By default, PHP is built as both a CLI and CGI program, which can be used for CGI processing. If you are running a web server that PHP has module support for, you should generally go for that solution for performance reasons. However, the CGI version enables users to run different PHP-enabled pages under different user-ids.
A server deployed in CGI mode is open to several possible vulnerabilities.

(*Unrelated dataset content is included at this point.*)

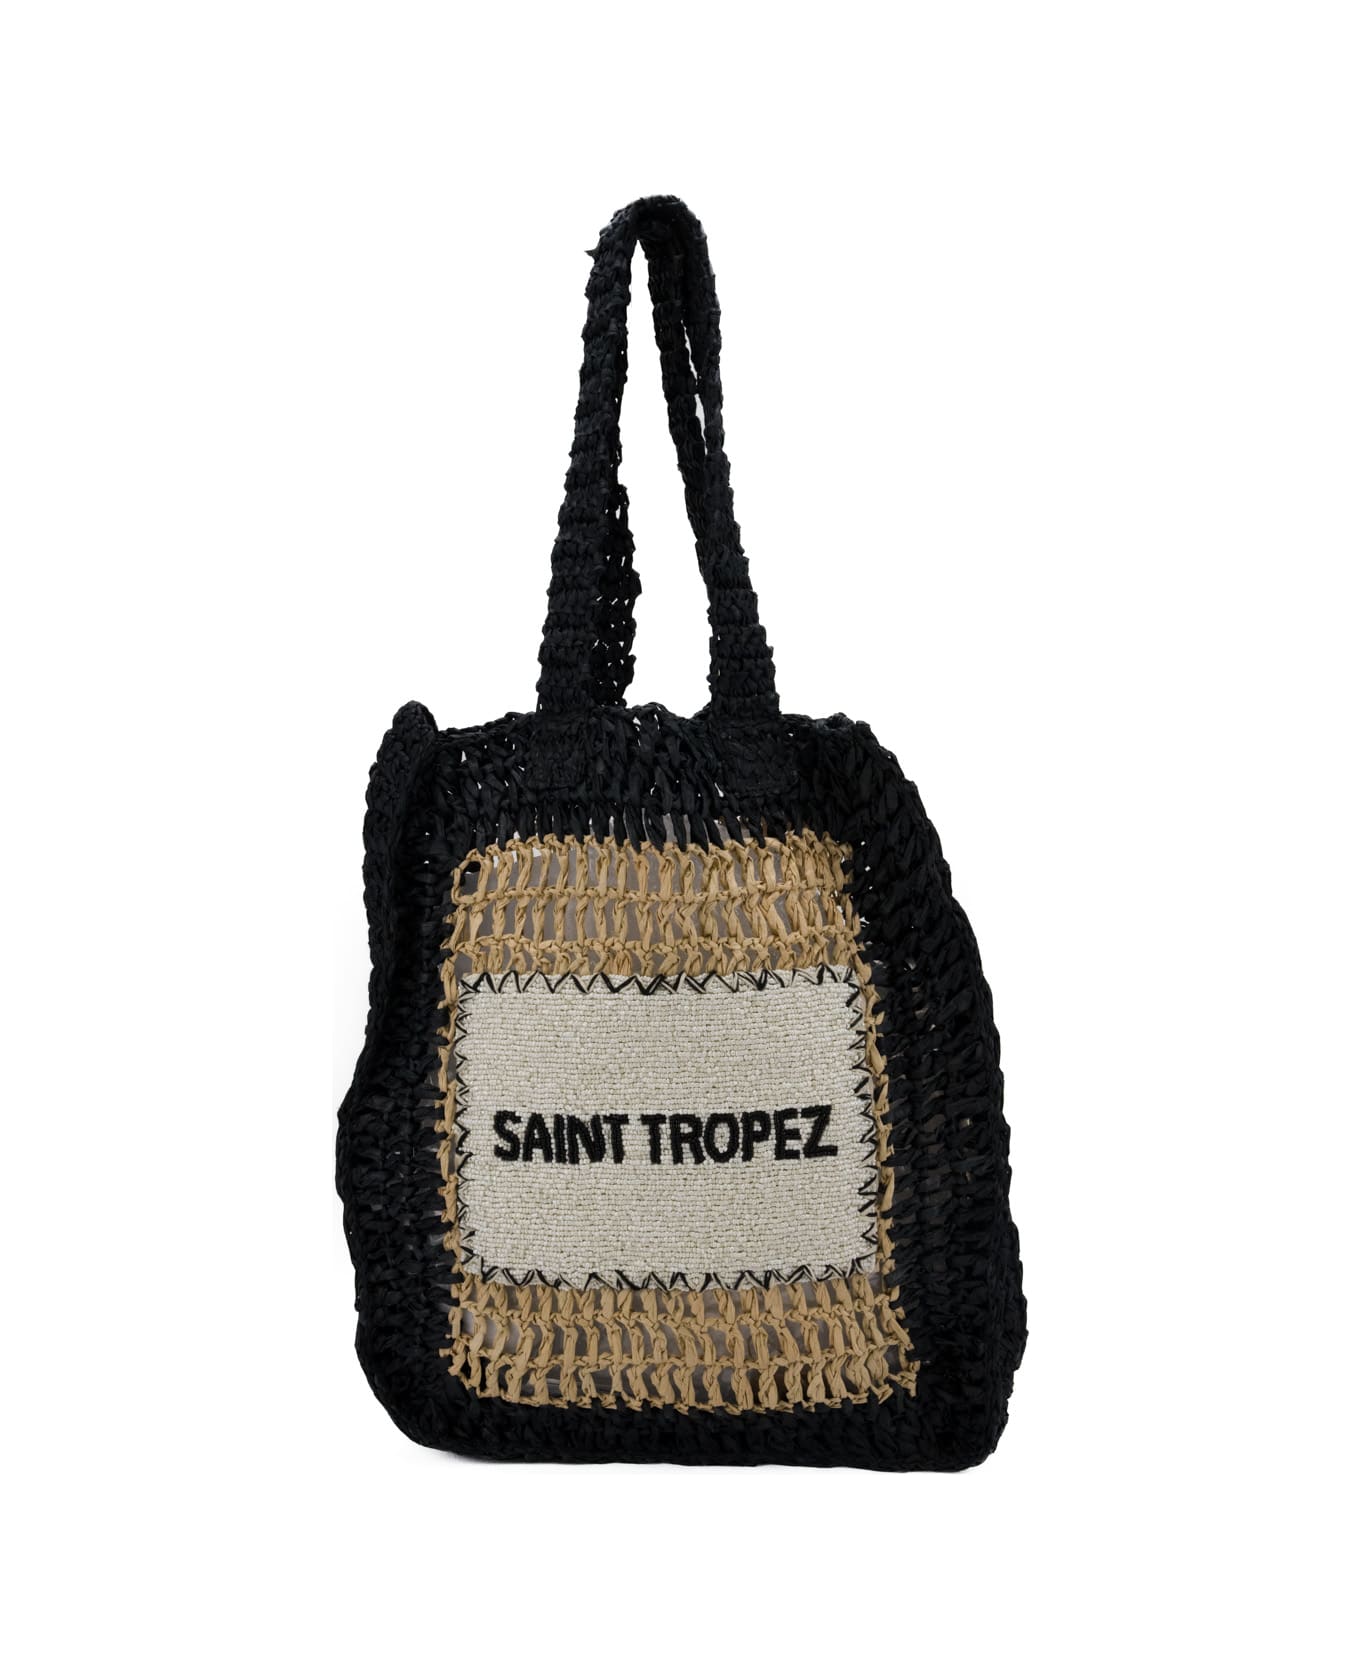 De Siena Saint Tropez Black Bag - Natural black
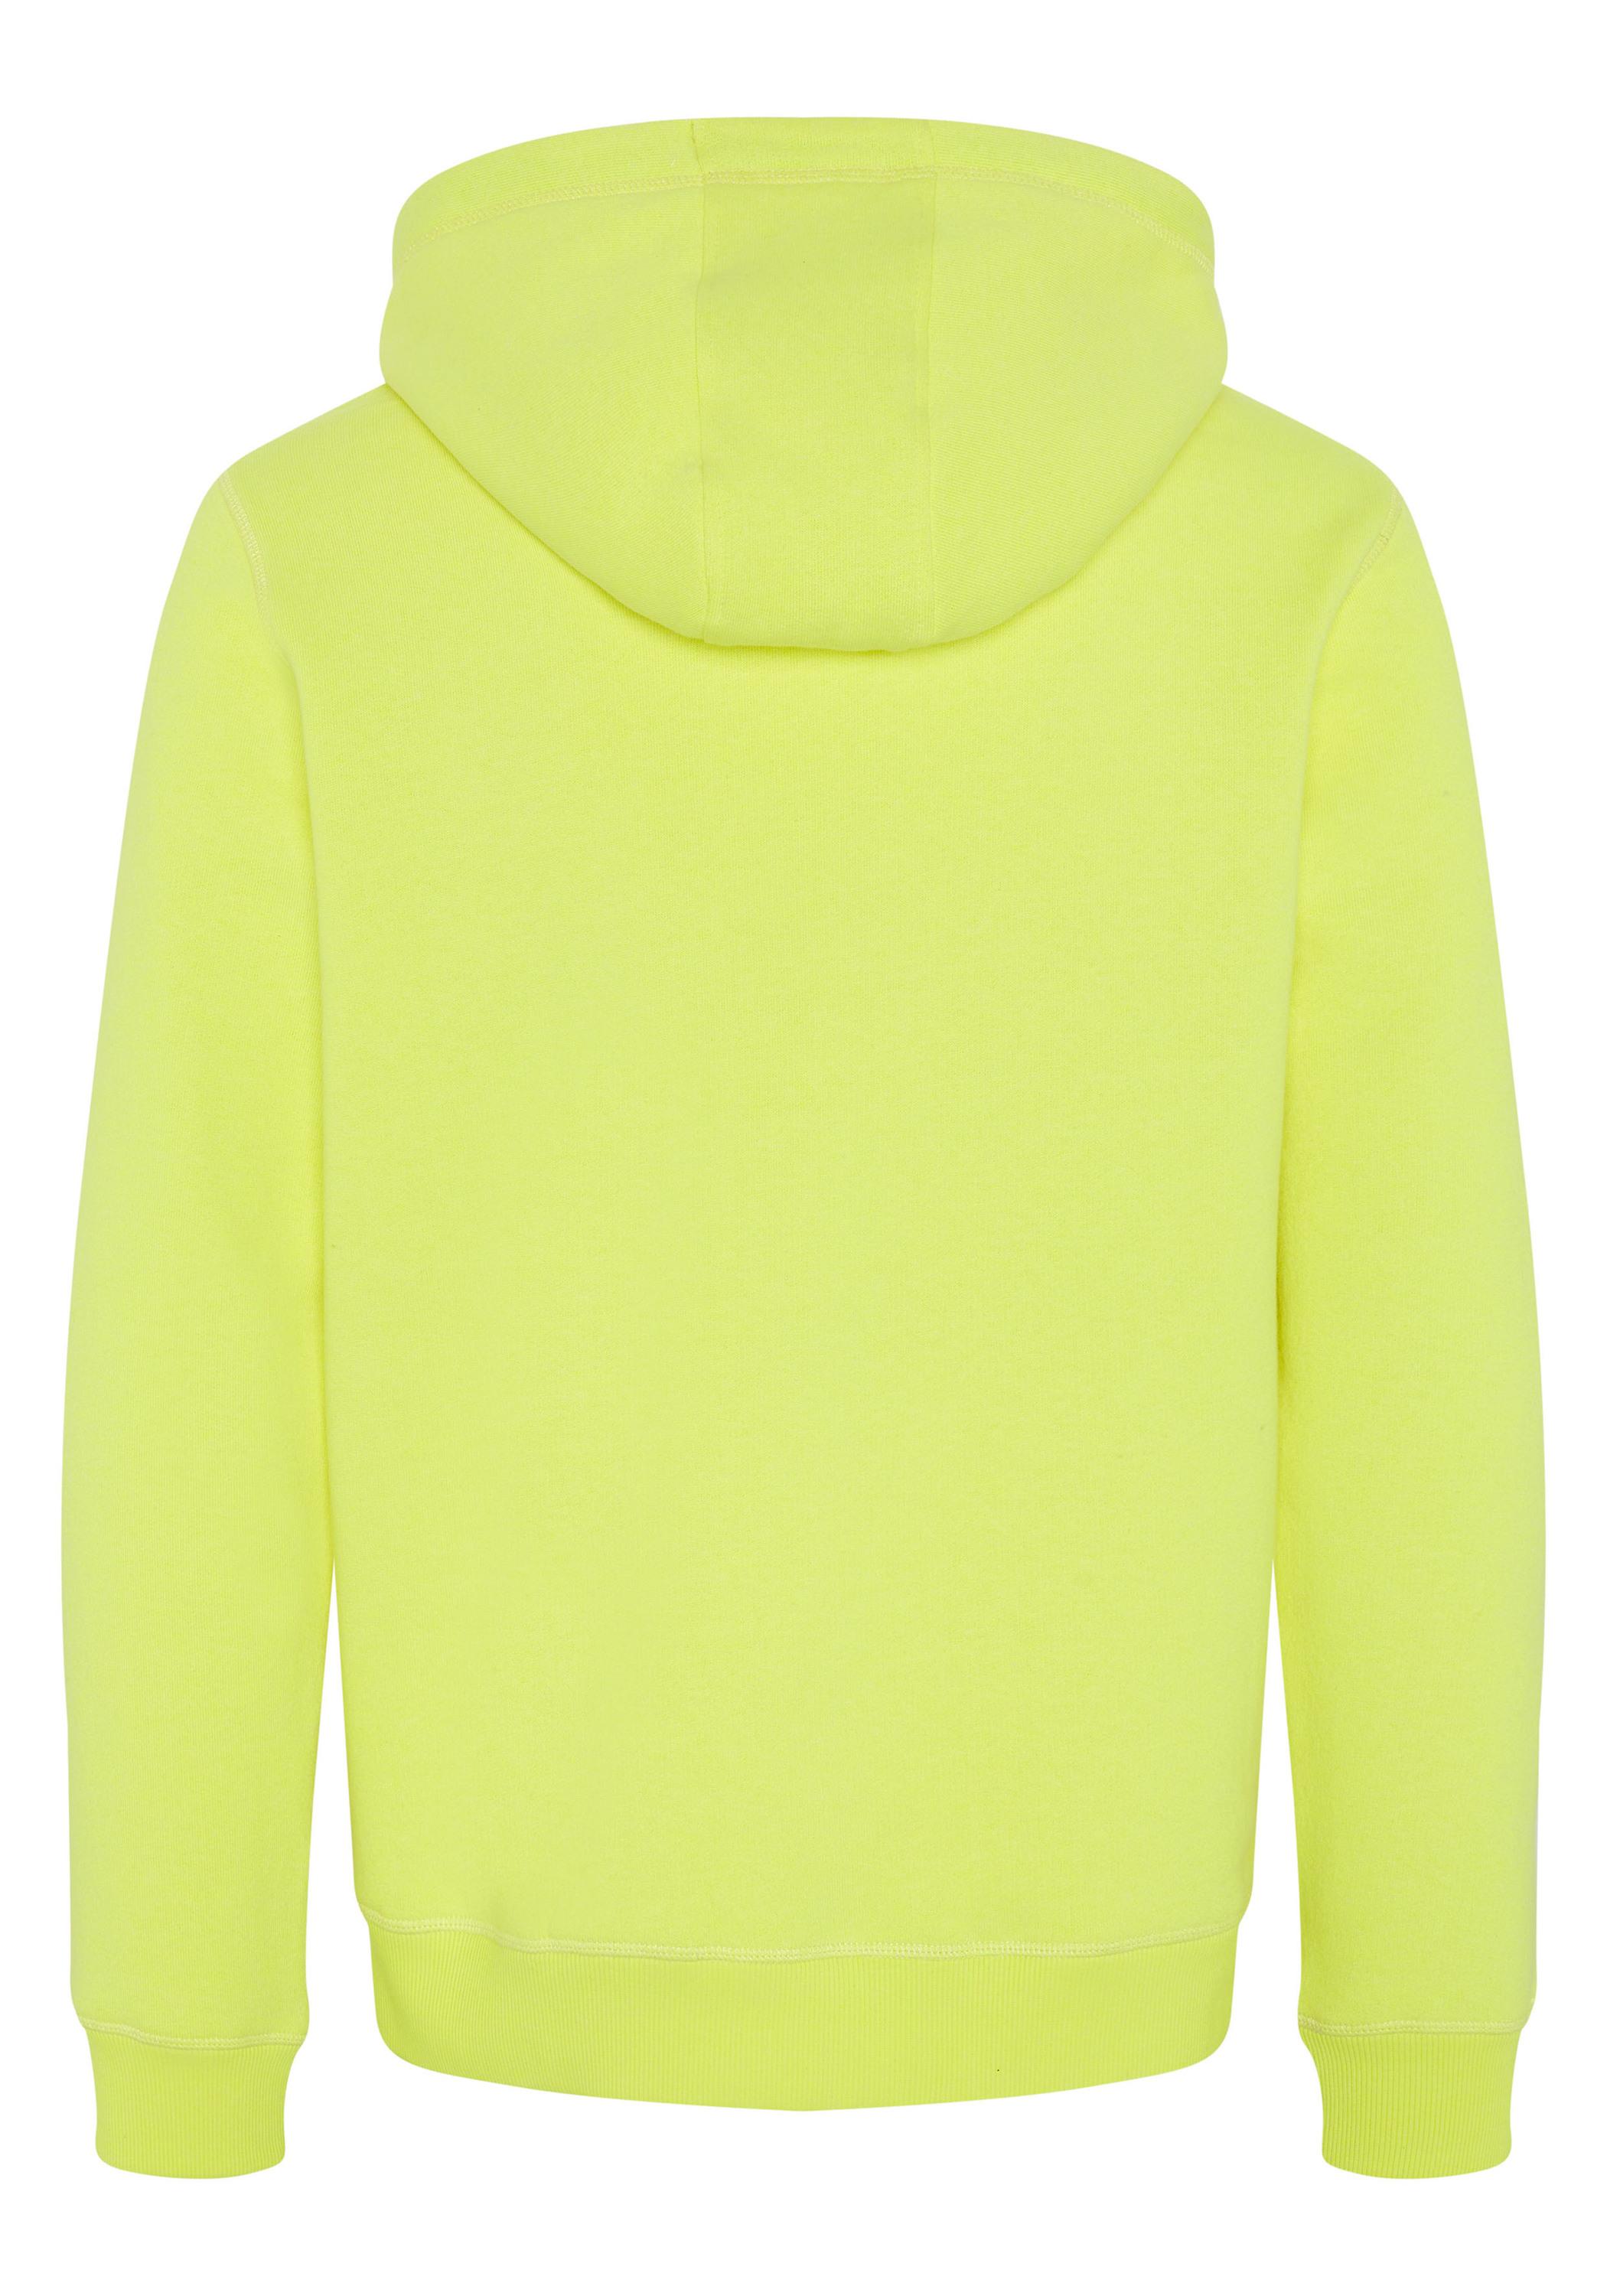 Herren im kaufen Sweatshirt Chiemsee Yellow SportScheck Safety Shop Kapuzensweatshirt Online von

Please read our CGI security section to learn how to defend yourself from such attacks.
If you have built PHP as a CGI program, you may test your build by typing make test. It is always a good idea to test your build. This way you may catch a problem with PHP on your platform early instead of having to struggle with it later.
Some server supplied environment variables are not defined in the current » CGI/1.1 specification. Only the following variables are defined there: AUTH_TYPE, CONTENT_LENGTH, CONTENT_TYPE, GATEWAY_INTERFACE, PATH_INFO, PATH_TRANSLATED, QUERY_STRING, REMOTE_ADDR, REMOTE_HOST, REMOTE_IDENT, REMOTE_USER, REQUEST_METHOD, SCRIPT_NAME, SERVER_NAME, SERVER_PORT, SERVER_PROTOCOL, and SERVER_SOFTWARE. Everything else should be treated as 'vendor extensions'.